As a business owner you’ve got a lot of things coming at you.
Many of us are in business by ourselves. We’re responsible for EVERYTHING that has to happen in our respective businesses.
As a result we’re naturally going to have more on our to-do list than we could ever hope to accomplish — at least within the next week, month, or even 12 months. This alone can be overwhelming. So every chance we get we find ourselves chipping it down one by one.
It’s not in our nature to stop DOING long enough to make sure we’re doing the RIGHT things.
It’s hard to have the presence of mind to ask the questions that NEED asking.
- Why am I doing this?
- What problem am I trying to solve?
- How does this advance me toward my goals?
But, we have to be ready to ask AND answer those questions, if we want to make any progress. Unless we always have complete clarity, we’re going to get off track.
Why It’s A Problem
You can go through the whole process of creating your vision and aligning your projects and outcomes towards that vision, but if you don’t step back and course correct from time to time your going to get off course.

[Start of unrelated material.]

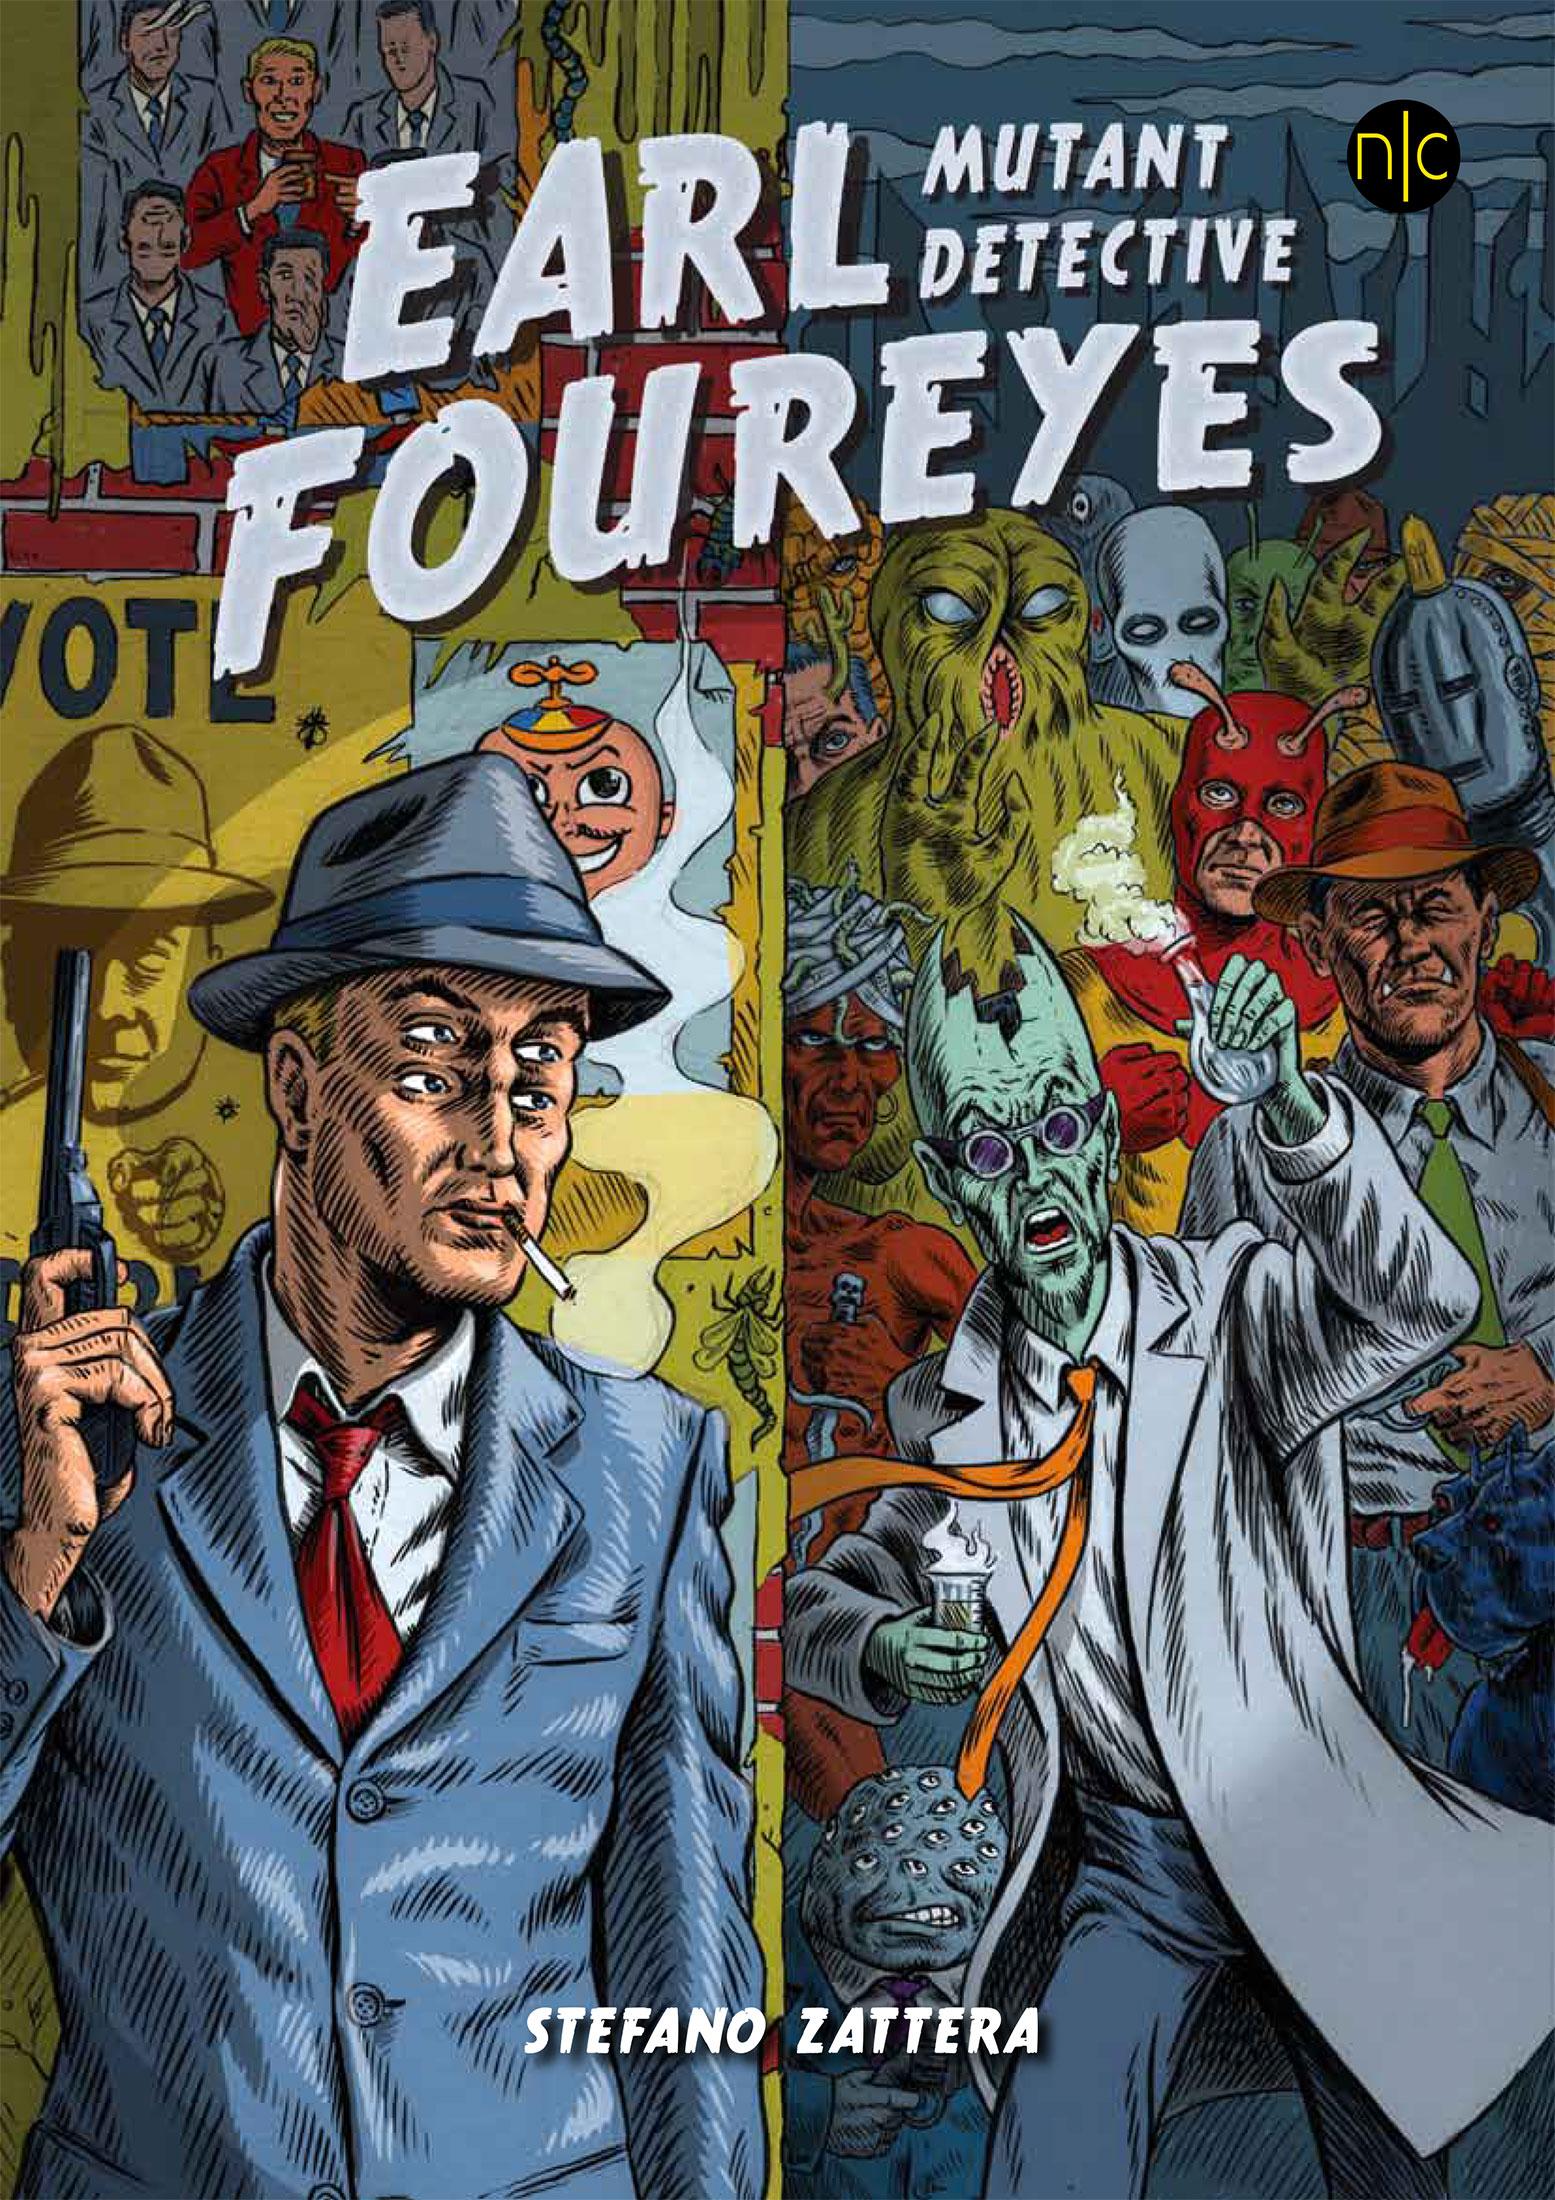 Earl Foureyes

Imagine a ship on the ocean. The captain can’t just set the course ‘due west’, fix the rudders, and then assume they’ll end up in the right port.
There are headwinds and currents your always fighting. There are storms that will pop up on radar that he’ll have to steer around.
My point is you can’t just set course once and assume everything will come out alright.
Business is not ’set it & forget it.’
You must constantly look to the horizon and monitor your progress. You need to measure your results and establish countermeasures to keep you on course.
How To Avoid This Mistake
Find - A really solid review shouldn’t take any more than 1-2 hours max. Now if you get on a roll, of COURSE please keep going — you’re the boss. But if you go in with the expectation you’ll probably resist it. Many people advise setting an appointment in your calendar for reflection and review. This never worked for me. I resist appointments and it feels like work. I had to find the time of day and week where I’d actually look FORWARD to the review. For me, that’s Friday afternoon. I’m looking forward to the weekend. I want to wrap up my work so I can enjoy my time off and rest up for next week.
Create your review environment - Again, I believe a review should be fun - something you look forward to. At the same time you need an environment that allows you to focus.
I work best when I’m in a coffee shop (or a bar) with people buzzing around me and my iPod playing music I love. It feels like play, but I’m working. I’m not just disconnecting from my week. I’m wrapping it up so I can hit the ground running on Monday.
Know what you want to accomplish - There are different types and depth of review. I focus on three levels.
A project review- This should be performed weekly. What’s currently in your world? What are you trying to accomplish in the next 30-90 days.
A goal review - a monthly review of your progress towards your goals. It’s a natural time to close the books look at your financial & non-financial metrics and reflect on what your goals are and what’s preventing you from getting there. Are you confident the projects your working on are moving you towards these goals.
A vision review - This is where you revisit your perfect day. You look at your goals and try to be sure that your vision, goals & projects are all in alignment. This next one is not so much about process but a place for exploration.
Have a checklist - Checklists are a great way to bring structure to blobular tasks - those jobs that don’t have a tangible end product. With a checklist, I know I only have to get through 5-8 steps and I’m done. I don’t resist the process because it’s defined. It lets me relax because I’m confident I’ll touch all the basis and I can track my progress.